Start of Data below

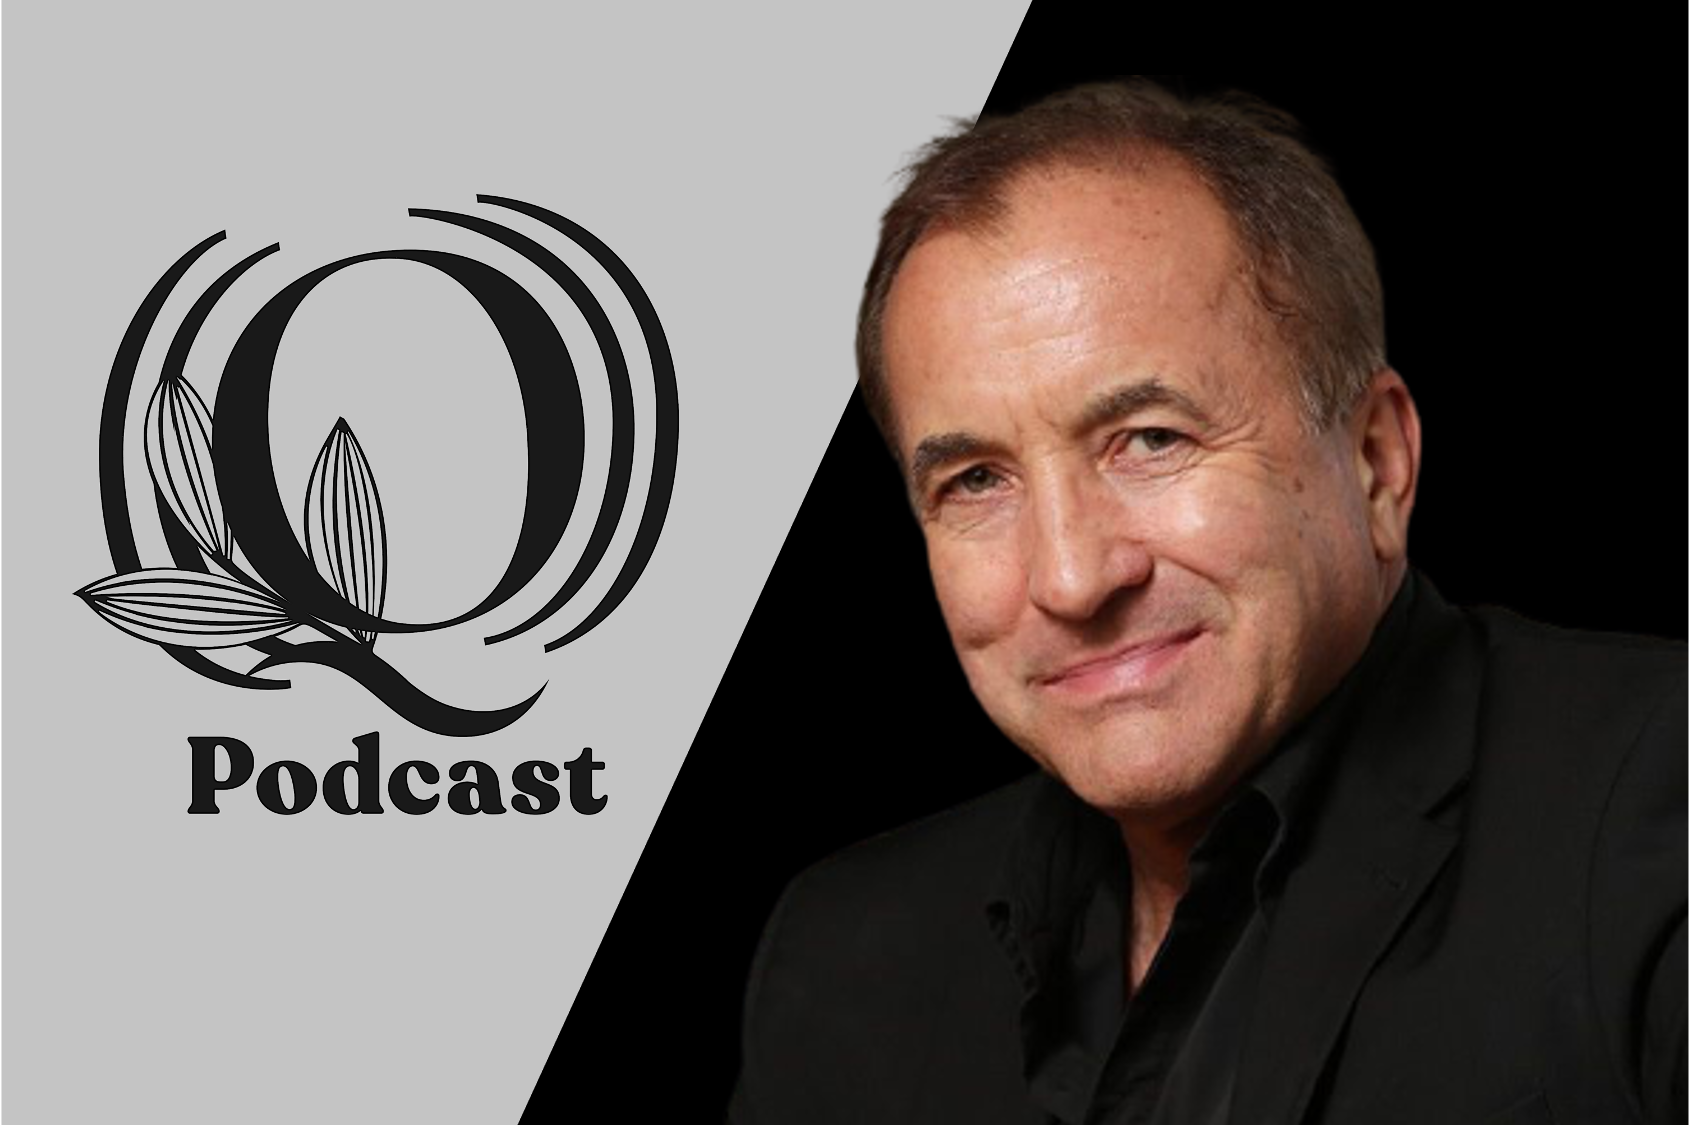 Podcast #153: Michael Shermer on Our Enduring Fascination with UFOs
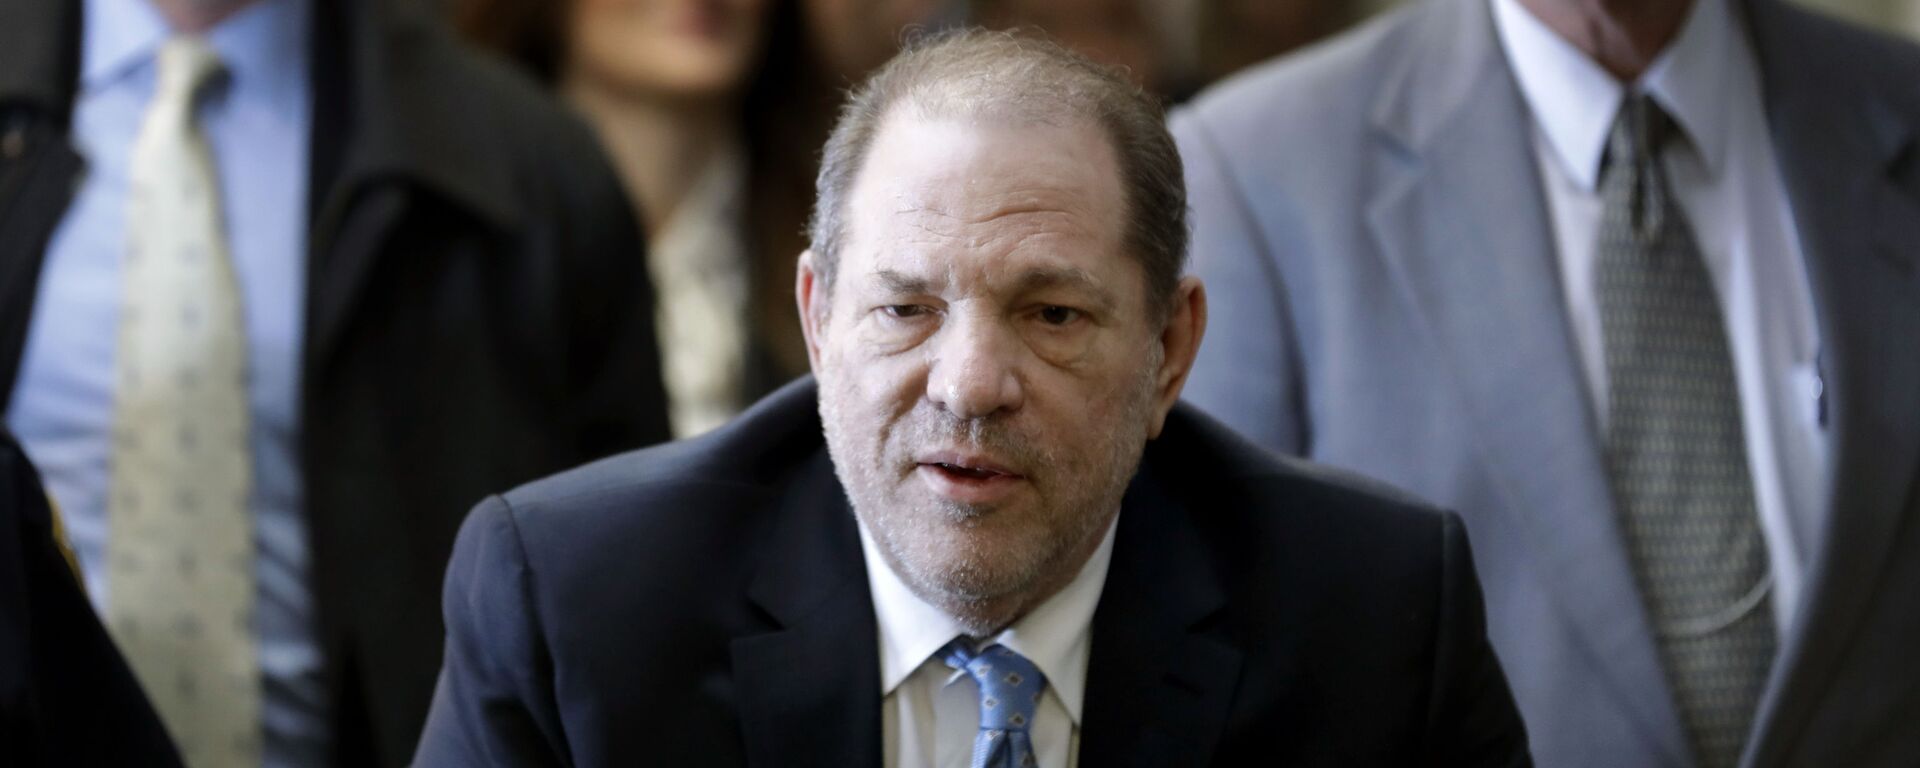 In this Feb. 24, 2020, file photo, Harvey Weinstein arrives at a Manhattan courthouse as jury deliberations continue in his rape trial in New York. The disgraced Hollywood film mogul and convicted rapist is asking a bankruptcy judge in Delaware to allow him to pursue arbitration in New York over what he claims is his wrongful termination from the company he co-founded. - Sputnik International, 1920, 15.09.2022
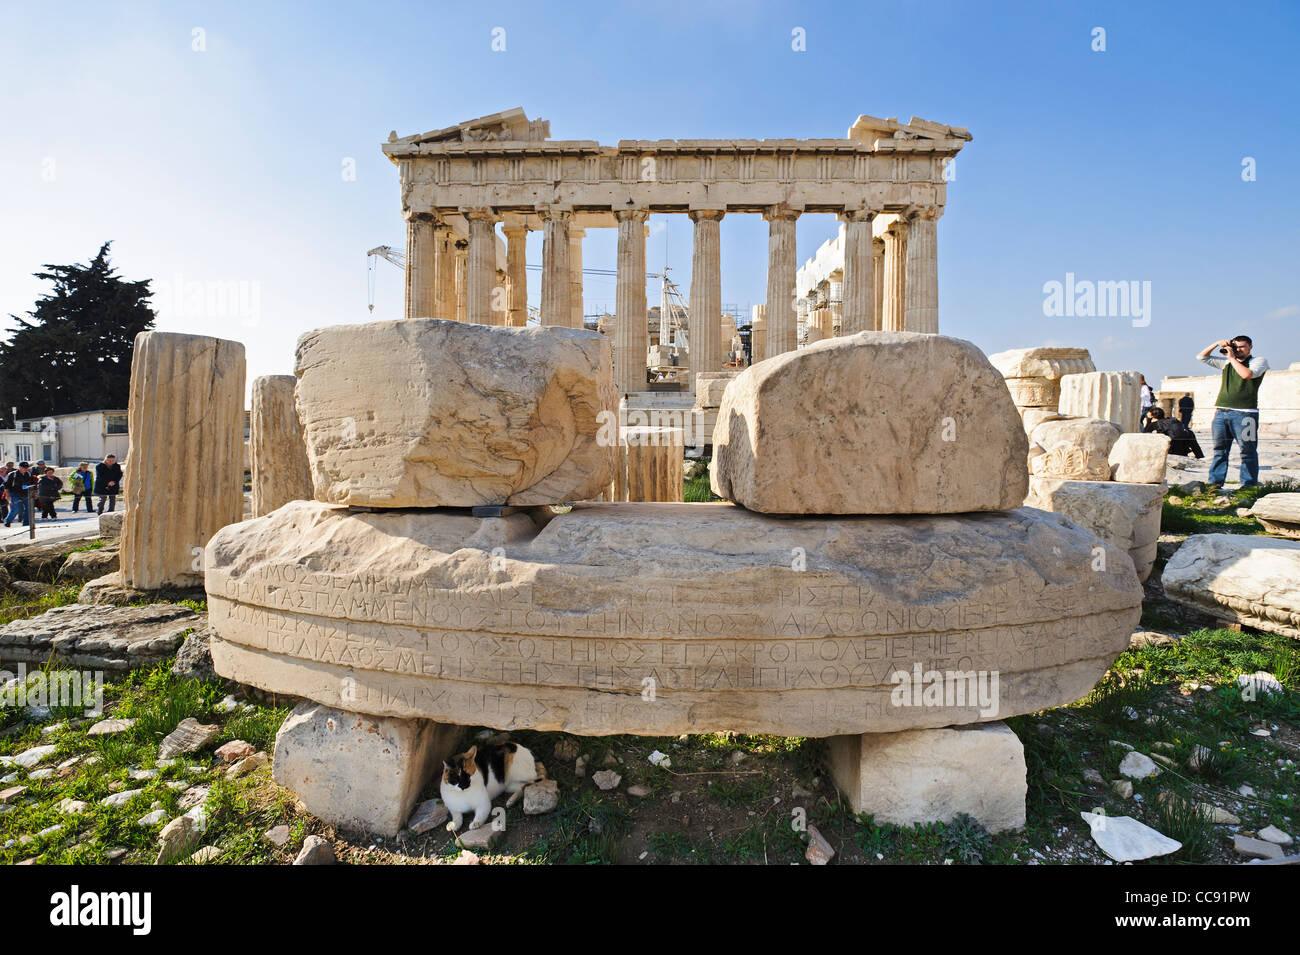 Remains of the Temple of Roma and Augustus in front of the Parthenon, Acropolis, Athens, Greece, Europe Stock Photo

End of Data below

Return each line of the data, keeping its wording exact and omitting pictures.

 Podcast #153: Michael Shermer on Our Enduring Fascination with UFOs
 In this Feb. 24, 2020, file photo, Harvey Weinstein arrives at a Manhattan courthouse as jury deliberations continue in his rape trial in New York. The disgraced Hollywood film mogul and convicted rapist is asking a bankruptcy judge in Delaware to allow him to pursue arbitration in New York over what he claims is his wrongful termination from the company he co-founded. - Sputnik International, 1920, 15.09.2022
 Remains of the Temple of Roma and Augustus in front of the Parthenon, Acropolis, Athens, Greece, Europe Stock Photo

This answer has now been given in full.